MACHINE LEARNING VS.THREAT FEEDS
Our solution doesn’t just rely on a list of threat feeds, we are powered by machine learning. F-Secure uses just threat feeds, and they don’t have any imagery-based phishing detection.
This gives our users zero-day threat protection so they’re protected even if a threat has never been seen before. In fact, we block new threats before other major threat feeds. What this really means is that if you visit a malicious site that isn’t a part of our database of deceptive threats, you’re still covered. Our system will scan the website before allowing the page to resolve, and block the domain if it’s found to be a threat.
F-Secure does use AI, but it is limited and doesn’t scan the page. Their AI works on the backend, allowing them to add new threats from external sources to their database of threats. Then, when someone makes a DNS query, it checks against the database.
F-secure has a database that is dynamically added to, but DNSFilter’s database uses the real-time web classification that happens each time a user visits a page. Any new threats we find as we scan user sites are automatically added to our database. Our users don't need to tell us about new threats, we already know. Whereas F-Secure doesn't have this capability. Their users need to manually update block lists or contact the company, which causes delays and frustration for end users.
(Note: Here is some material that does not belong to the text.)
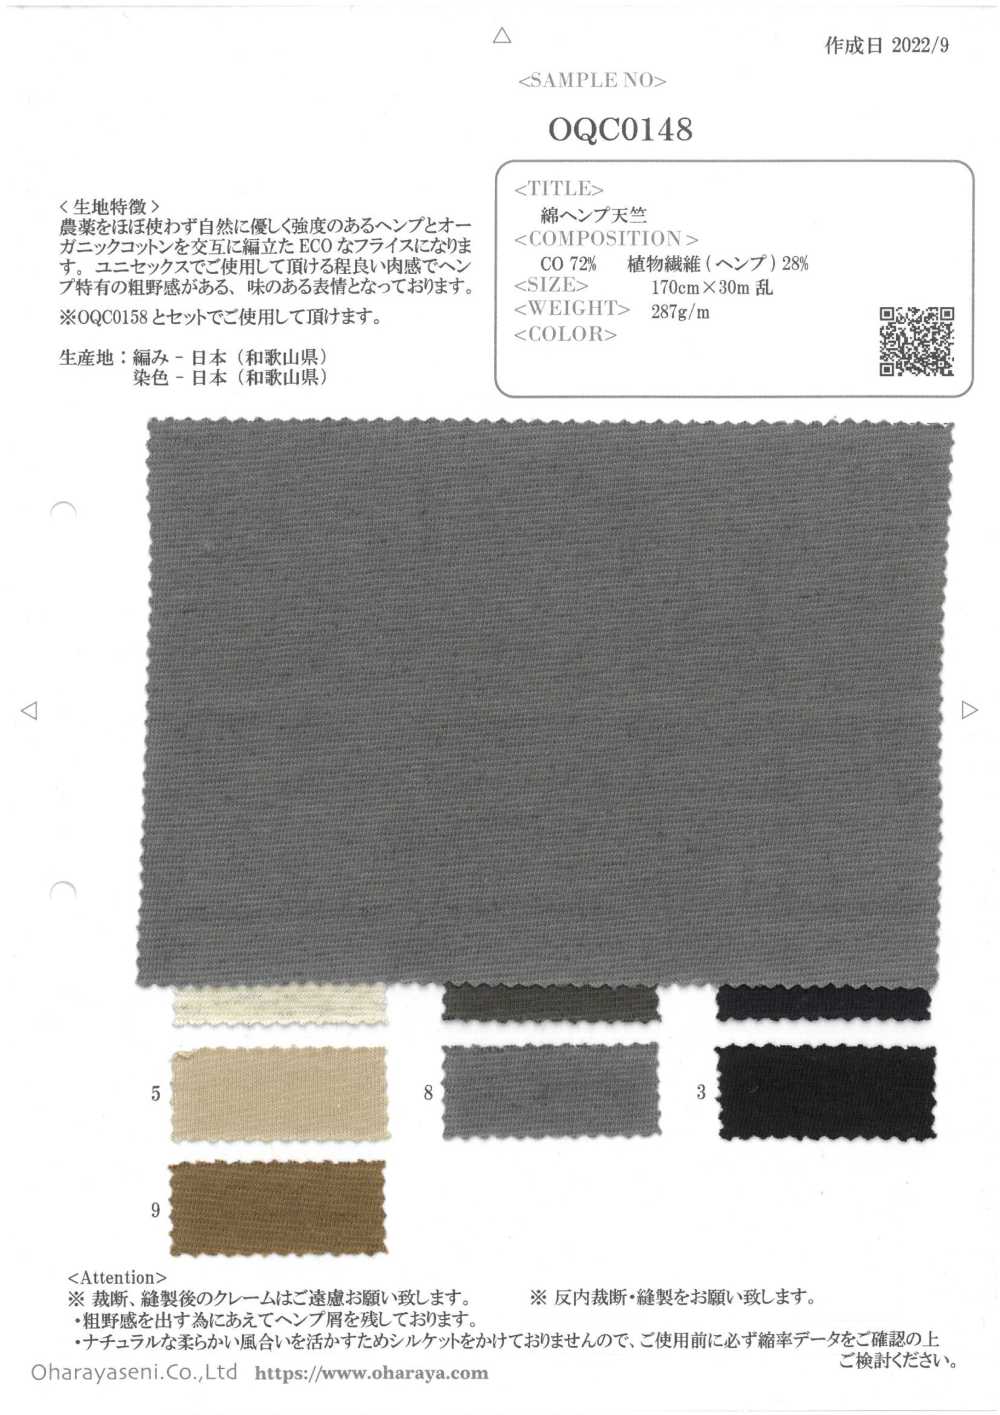 OQC0148 Jersey Di Canapa Di Cotone[Tessile / Tessuto] Oharayaseni

F-Secure’s domain database relies on a free service called Quad9. They’ve created their domain database by ingesting a variety of threat lists. What Quad9 doesn’t do when importing these lists is check the validity of these domains.
Our domain database is carefully maintained. Each threat feed that is added to the database is examined to make sure that well-known, safe websites are not found on a block list. Monthly reviews of our domain database are also performed, looking for false positives that may have cropped up. Preserving domain database health is important to make sure that users don’t run into erroneously blocked websites.